9 - La sécurité comme priorité du design

Il va presque sans dire qu'une nouvelle génération de voitures de Formule 1 s'accompagne de l'opportunité de rendre le sport encore plus sûr et c'est certainement le cas avec la voiture de 2022. Les châssis doivent désormais absorber respectivement 48 % et 15 % d'énergie supplémentaire lors des tests d'impact avant et arrière, ainsi que des forces plus importantes lors des tests statiques d'ébranlement requis pour homologuer les châssis et certifier leur résistance.

Des leçons ont également été tirées des récents accidents majeurs, dont celui de Romain Grosjean au Grand Prix de Bahreïn 2020. Les voitures sont désormais conçues de manière à ce que, en cas d'accident, l'unité de puissance se sépare du châssis en toute sécurité sans exposer le réservoir de carburant.

Dans le même temps, les enseignements tirés de l'enquête de la FIA sur l'accident mortel du pilote de Formule 2, Anthoine Hubert à Spa en 2019, ont également été incorporés, principalement une section de nez plus longue pour aider à dissiper l'énergie en cas de collision, ainsi que des côtés de châssis plus forts pour résister aux incidents.

Il est également vrai que ces améliorations de la sécurité, ainsi que les pneus plus lourds et plus robustes, ont entraîné une augmentation du poids, le poids minimum de la voiture ayant augmenté d'environ 5 %, passant de 752 kg actuellement à 790 kg.

10 - Plus de 7 500 simulations pour élaborer ce concept

Les équipes en charge du projet de la F1 a effectué environ 7 500 simulations, créant environ un demi-pétaoctet de données (500 To de données).  Ces 7 500 simulations ont également nécessité 16,5 millions d'heures de calcul... La voiture de 2022 a également été développée lors de sessions exclusives dans la soufflerie de Sauber en Suisse, avec 138 "configurations de base" expérimentées pendant deux ans, et une centaine d'heures de "vent en marche".

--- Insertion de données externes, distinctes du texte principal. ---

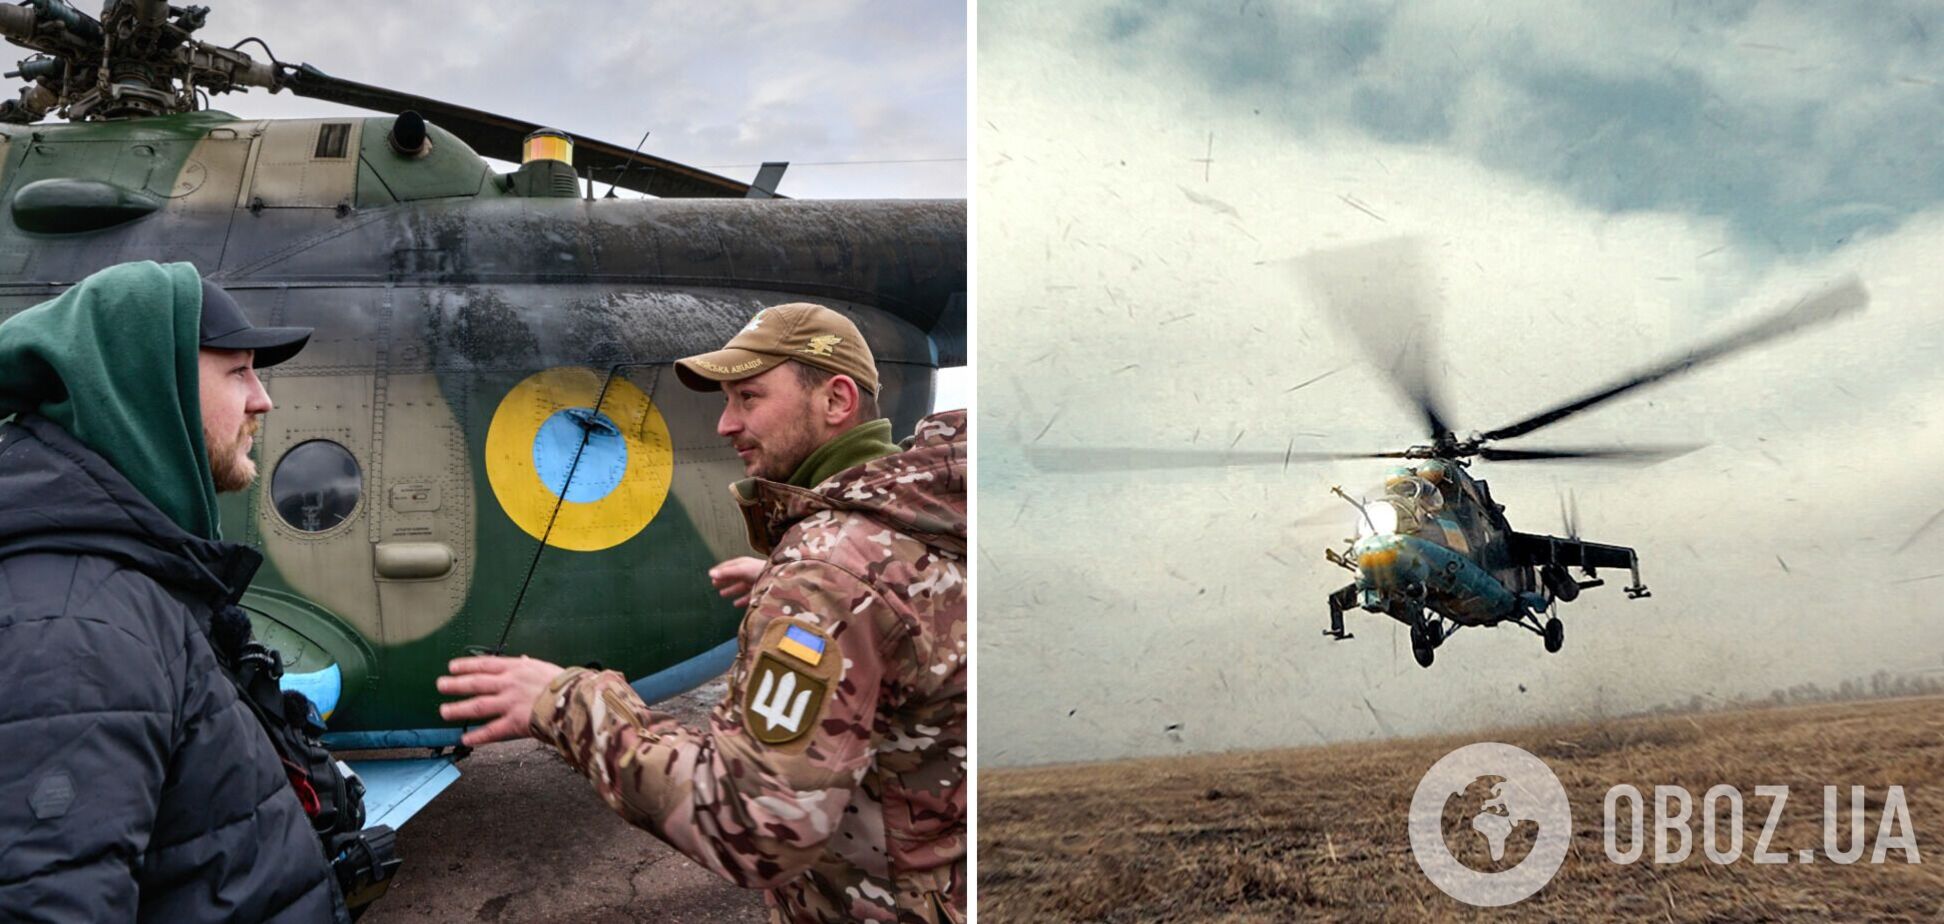 'Чем больше учишься, тем дольше живешь': экипаж вертолета ВСУ рассказал об 'охоте' на врага и главных рисках

Dans le même temps, les équipes ont également obtenu la liberté réglementaire de tester l'itération actuelle de la voiture 2022 ou la ligne de base "UNIFORM" comme on l'appelle en interne, étant donné qu'il s'agit de la 21e mise à jour importante pour le développement de la méthodologie dans leurs souffleries et CFD (à condition de ne pas modifier la forme), le retour d'information des équipes ayant été une partie cruciale du processus de conception et de développement.

L'équipe en charge du projet est persuadée d'avoir élaboré un ensemble de règles permettant d'atteindre l'objectif d'une course plus serrée, sans pour autant être trop contraignantes au point d'empêcher la créativité.